Обложка к книге «Трое» Велимира Хлебникова, Алексея Кручёных и Елены Гуро. К. С. Малевич. Литография. 1913 г.
Арифметика. Иллюстрация к «Возропщем» Алексея Кручёных. К. С. Малевич. Литография. 1913 г.
Текст и картина подчиняются единой композиционной задаче, они завихрены в единую нестандартную вёрстку, их восприятие одновременно. Наоборот, рисунок может быть совершенно самостоятелен, дополнять текст, а не сопровождать его. Именно так и происходит с рисунками Малевича в книгах футуристов. Это не иллюстрации, но отдельные произведения в книге, иногда они наклеены на обложки, иногда вставлены в брошюры отдельными листками. (Традиционные иллюстрации были сделаны только к книге Кручёных — Хлебникова «Игра в аду».) Памяти жены Матюшина, Елены Гуро, умершей в марте 1913 года, была посвящена книга «Трое» — сборник стихов Гуро, Кручёных и Хлебникова. Для её обложки Малевич впервые применил шрифт с кубистическим сдвигом. Внутри книги оказались сложные, раздробленные композиции «Экипаж в движении», «Жнец», «Голова крестьянки», «Пилот», «Карета в движении». Вообще же, иллюстрации эти, без преувеличений, гениальны.

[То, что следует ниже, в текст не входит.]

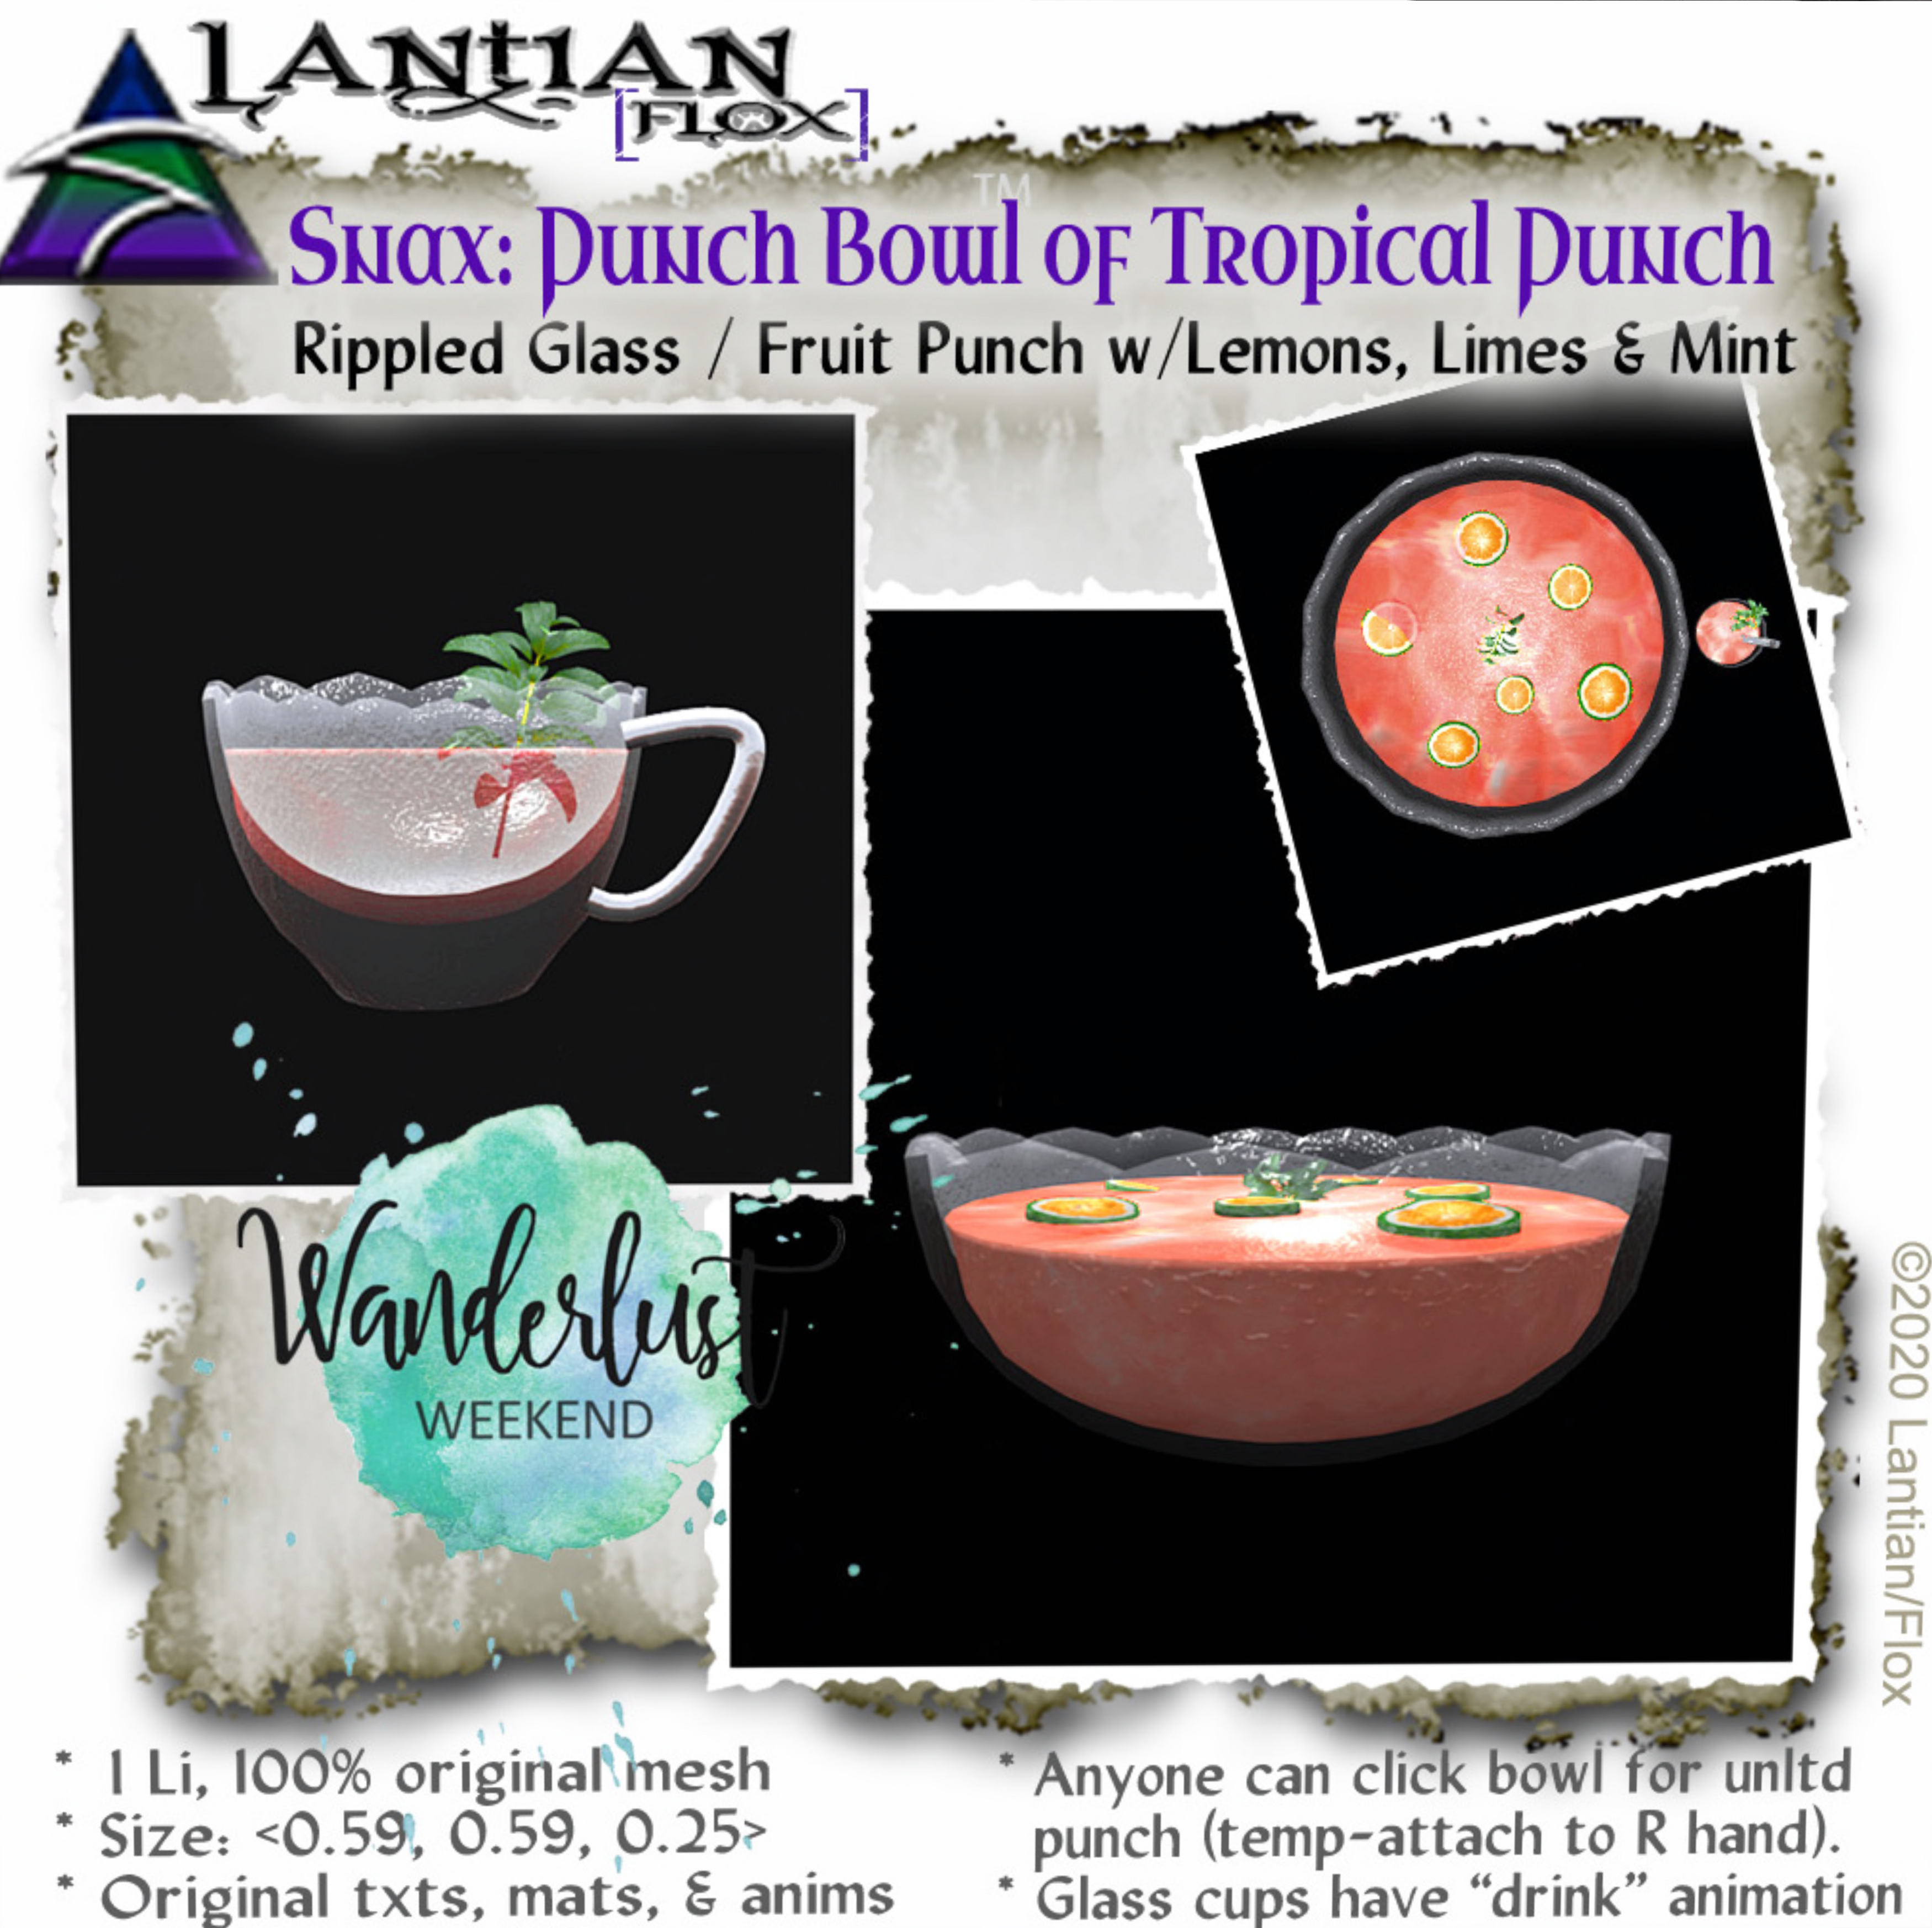 Lantian/Flox – Bowl of Punch

«Арифметика» — иллюстрация к «Возропщем» Кручёных — преисполнена чисел, а ещё на ней неожиданно виден настоящий современный компьютерный смайлик. В рисунке «Смерть человека одновременно на аэроплане и на железной дороге» (к «Взорваль» Кручёных) улетание по диагонали вверх ощутимо настолько, что от смотрения вас ведёт вверх вправо. Рисунки Малевича, как и авторские шрифты, и авторская вёрстка, придают этим книгам тот единственный ритм, без которого их тексты теряют три четверти задуманных смыслов. Алогизм ведь не бессмыслица, это — дерево сценариев, каждая точка которого имеет вероятностный характер. Он только не фиксирует стопроцентную вероятность. Наш взгляд может усесться и на той, и на другой ветви этого дерева, и книга будет прочитана по-разному. Это новый, демократический, способ взаимодействия с читателем.
Следует спросить: какие же отношения связывали поэтов-авторов этих сборников и Казимира Малевича? Ведь и он, как мы помним, был близок поэзии, иногда у него сочинялись стихи. Тем интереснее посмотреть на художников и поэтов в эпоху их наиближайшего взаимопроникновения.
Хлебников и Малевич кажутся братьями (Казимир да Велимир), но в жизни не были очень уж близки. Почему, спрашивается? Ведь Хлебников назначил Малевича одним из «председателей земного шара», да и чёрный квадрат у него тоже родился — однажды Хлебников закрасил обложку тетради, оставил одно окошечко посередине и в нём написал: «Чёрная тетрадь». По масштабу сотворённых переворотов — в языке и в живописи — они равны, а им равных нет. Но в жизни они не сливались. Хлебников в терминах характерологии был совершенным шизоидом; дервишем, одновременно стеклянным и деревянным — сверхчувствительным и равнодушным. А Малевич — невзирая на гениальность, так случается — был человеком благотворно-нормальным, заземлённым. Велимир был для Казимира слишком думателем и мало делателем.